Since autosomal DNA is a random recombination of both parents' autosomal DNA, full siblings will have a different admixture. An analogy would be to say that each parent is a deck of cards. The two decks are shuffled and half of the resulting mixture is taken. One sibling may have more “spades” in their deck while another may have more “clubs.” While each individual has unique DNA, siblings share the same parent “decks,” so we can use the similarities to trace ancestry.
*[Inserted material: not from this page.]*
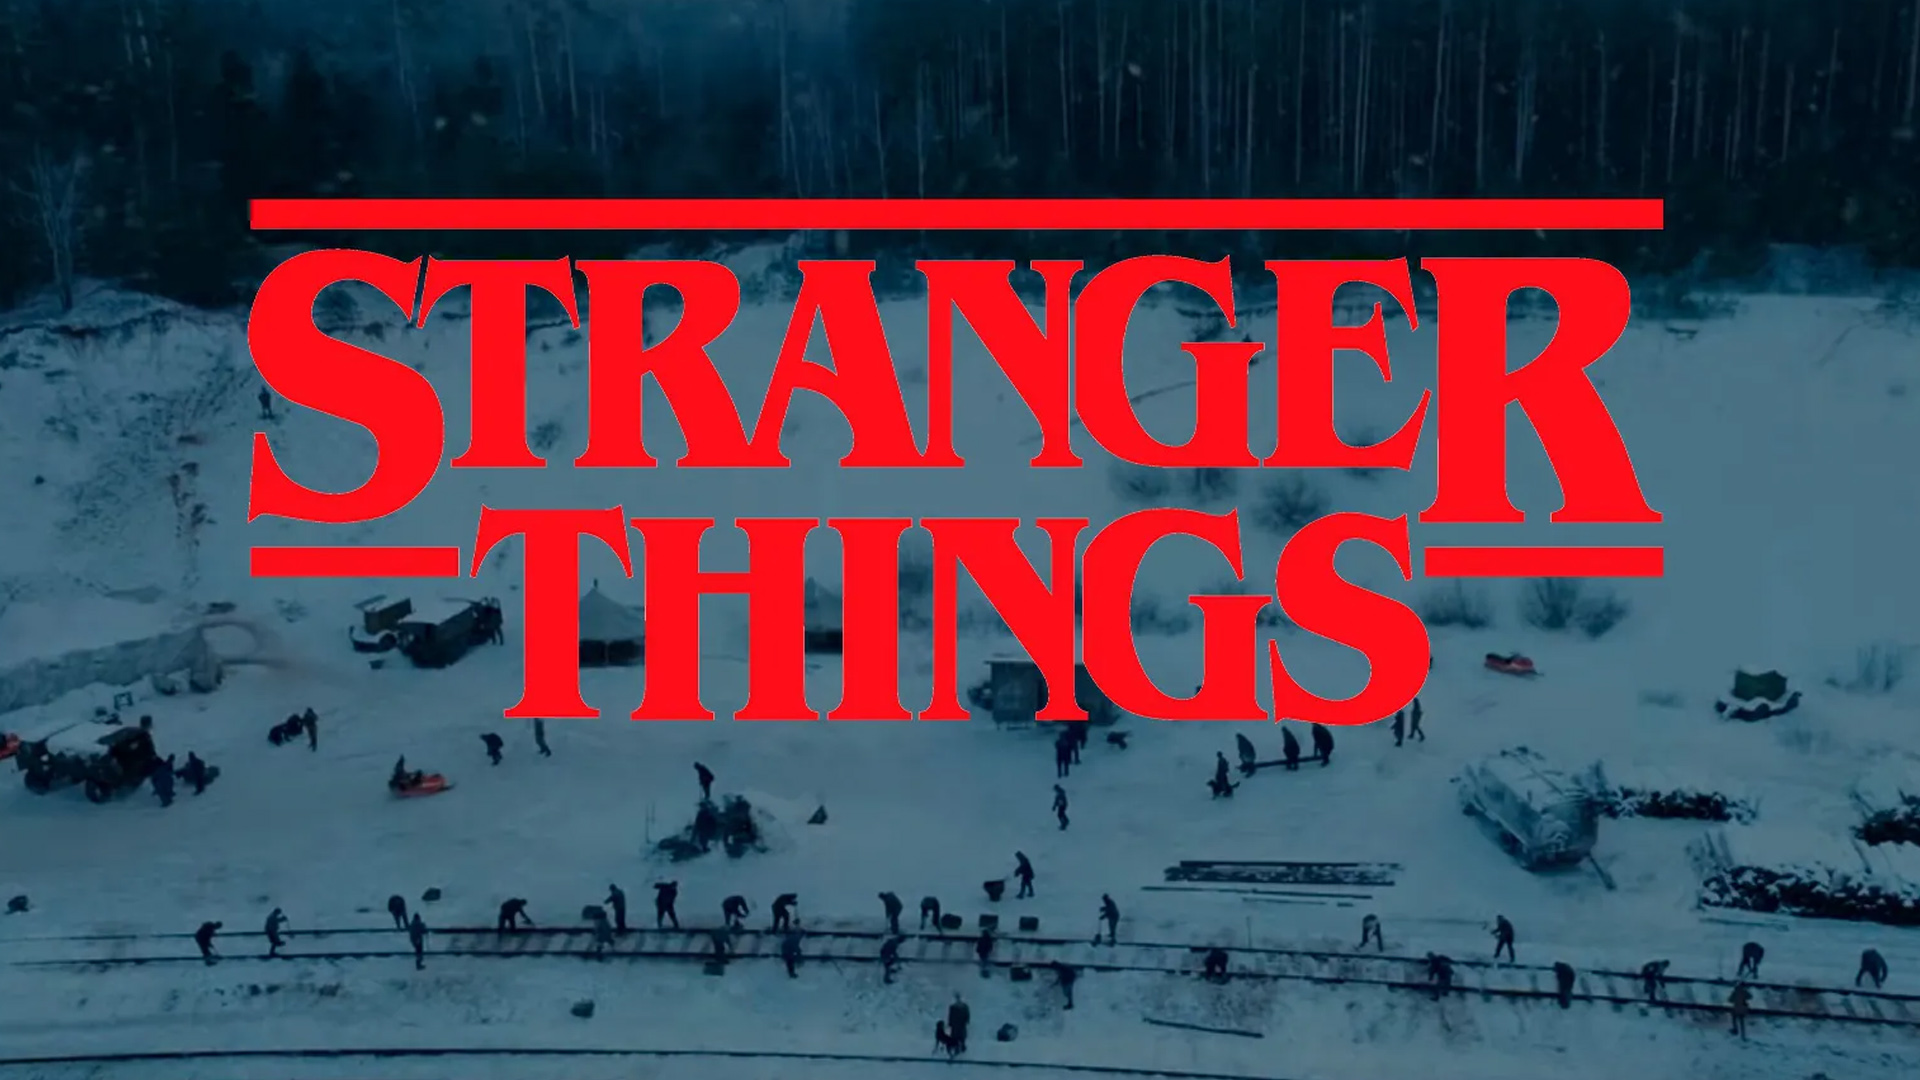 ‘Strangers Things 4’

With each generation, the decks are reshuffled, so the “cards” from any given ancestor become fewer and fewer. Thus, the autosomal DNA admixture for any given individual roughly comprises the DNA of all of their ancestors within five generations. This is an estimate, however, as some “cards” may survive many shuffles, while others get “shuffled out” rather quickly.
This is different from our mitochondrial DNA (mtDNA) and Y-chromosome DNA (Y-DNA), which is inherited exclusively through direct maternal or paternal lines, respectively.
Because of the random nature of autosomal DNA inheritance, it is impossible to tell which portions of your DNA came from your mother or your father. However, by comparing your autosomal DNA to that of your known relatives, you can compare results to determine which portions of your DNA come from which ancestral line.